How should I dry out or season a natural fork?


----------



## tomshot123 (Mar 31, 2012)

I just let mine dry naturally for 2-4 weeks depending on the wood but there are many opinions on this and all should be taken into consideration because they all have their disadvantages and advantages


----------



## newconvert (Dec 12, 2011)

your best bet is to go to the tutorials and read. there are many different ways to dry out natty's. after you read a bit if you still have questions you will be a bit more specific.


----------



## Sean (Nov 17, 2011)

Welcome to the forum Buckarue


----------



## treefork (Feb 1, 2010)

Welcome to the forum. A microwave is the fast track. Used in short busrts of 30 secs. at a time.DON'T burn it. Do a bit of research in past posts for more details. Good Luck!


----------



## Jakerock (Mar 8, 2012)

Heres the answer I hate, but it it a real answer: "Glue the ends and leave it in a closet for a year"
F-THAT! Do what treefork said.


----------



## Sofreto (May 10, 2012)

Look at the tutorials. I am new too naturals and I did the microwave thing...30 sec every other day. Two forks did well while one developed a huge crack.


----------



## Henry the Hermit (Jun 2, 2010)

After you've been at this game a year or two, you will probably have more forks than you can build at once, and you can season them properly. Two years ago I was boiling forks in salt water and putting them in my dehydrator for a day or so. Now I have about 75 forks drying naturally, with a fair percentage of them ready to work. I still use the dehydrator, but now its job is to kill any critters in the wood. And yes, it helps to seal the ends, though I have mostly winnowed my forks down to types that don't crack.


----------



## Imperial (Feb 9, 2011)

as been said before, use the search - theres a ton of info already on this .


----------



## Hunter69 (Jun 23, 2011)

natural drying is best, but it is'nt quick but a year or 2 not really needed just 5 to 6 months is ideal.

There have been lots of microwave posts but I have experimented with several naturals of different species on different power settings eg 100%, 80%, and so on but the result is almost always the same yes it dries out the moisture fast and they look ok on removal but you let cool and hope to work on them next day to find a horrible big split caused by the heat shrinking the timber and on cooling it starts to crack from ends and runs too far to save in most cases unless you leave the forks and handle very long but then you struggle to fit it in micro, so my own honest opinion is to leave it 6 months but smear a nice thick coat of wood glue on each cut surface to stop checking/ splitting, and when glue dry write date of when you cut it in permanant marker over glued surface to remind you when it was cut so you know when its had its time.

And finally always leave bark on as if removed can dry out too quickly which can still cause splitting glued edges or not....

Deano


----------



## reecemurg (Oct 9, 2011)

natural drying is the best as everyone has said .

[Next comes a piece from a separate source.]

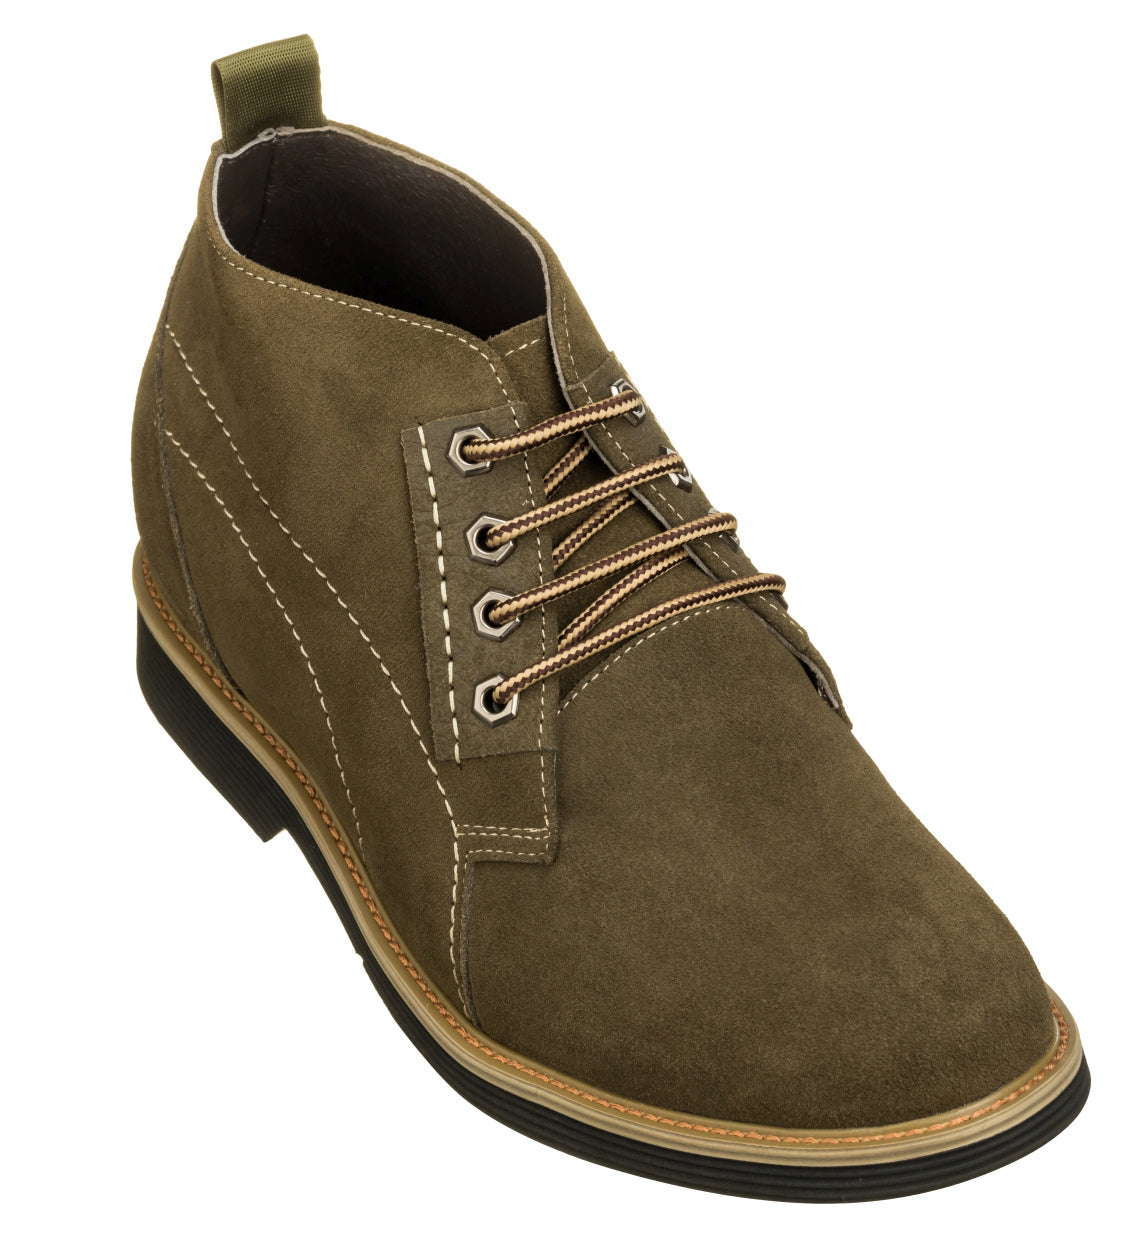 Elevator shoes height increase CALTO - K9912 - 3.2 Inches Taller (Olive)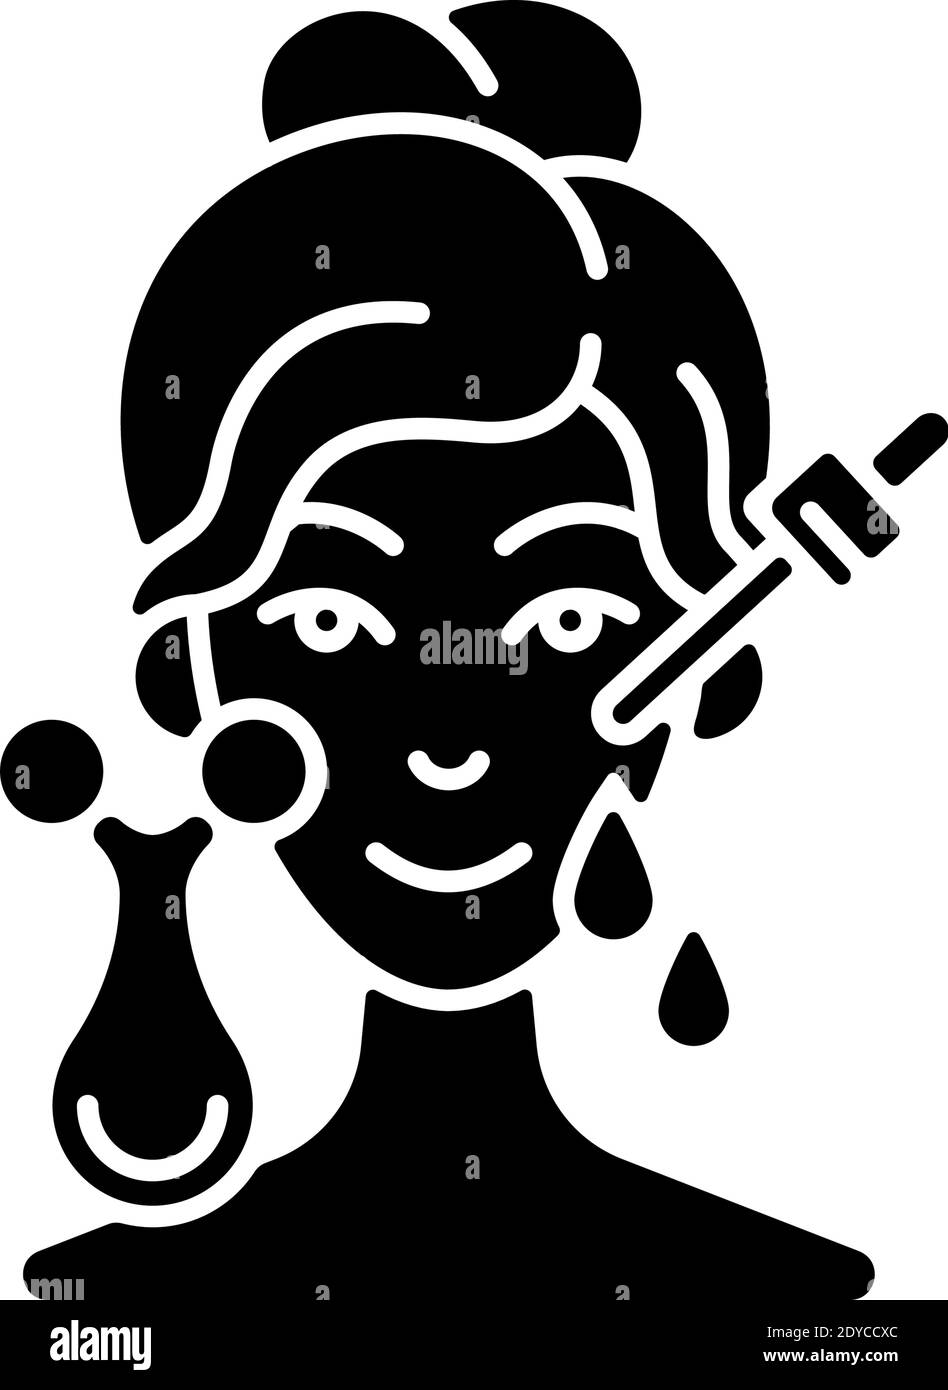 Micro current massager black glyph icon Stock Vector

sorry to sort of hijack the thread but hunter69 i have to say your display picture is amazing ! did you draw it yourself ??

cheers,

Reece


----------



## Hunter69 (Jun 23, 2011)

reecemurg said:


> natural drying is the best as everyone has said .
> 
> sorry to sort of hijack the thread but hunter69 i have to say your display picture is amazing ! did you draw it yourself ??
> 
> ...


Hi there, no it looks like a pencil drawing but is actually taken from an old poachers book I was given and I liked it so much had to have it as my profile pic .....


----------



## reecemurg (Oct 9, 2011)

Hunter69 said:


> natural drying is the best as everyone has said .
> 
> sorry to sort of hijack the thread but hunter69 i have to say your display picture is amazing ! did you draw it yourself ??
> 
> ...


Hi there, no it looks like a pencil drawing but is actually taken from an old poachers book I was given and I liked it so much had to have it as my profile pic .....
[/quote]
ah ok , it's a sweet pic !


----------



## stej (Jan 16, 2013)

Hunter69 said:


> natural drying is best, but it is'nt quick but a year or 2 not really needed just 5 to 6 months is ideal.
> 
> There have been lots of microwave posts but I have experimented with several naturals of different species on different power settings eg 100%, 80%, and so on but the result is almost always the same yes it dries out the moisture fast and they look ok on removal but you let cool and hope to work on them next day to find a horrible big split caused by the heat shrinking the timber and on cooling it starts to crack from ends and runs too far to save in most cases unless you leave the forks and handle very long but then you struggle to fit it in micro, so my own honest opinion is to leave it 6 months but smear a nice thick coat of wood glue on each cut surface to stop checking/ splitting, and when glue dry write date of when you cut it in permanant marker over glued surface to remind you when it was cut so you know when its had its time.
> 
> ...


It's not strictly needed to leave the bark on. It depends.. I know that if I debark oak and let it dry outside (now there is not too hot), it will be ok. If I dry it inside, than it will crack (as happened now when drying in the office). Also hawthorn is quite resistant to cracks so I can debark it. And besides that width of the fork plays its role too. The wider one will crack more probably then a tiny/narrow one.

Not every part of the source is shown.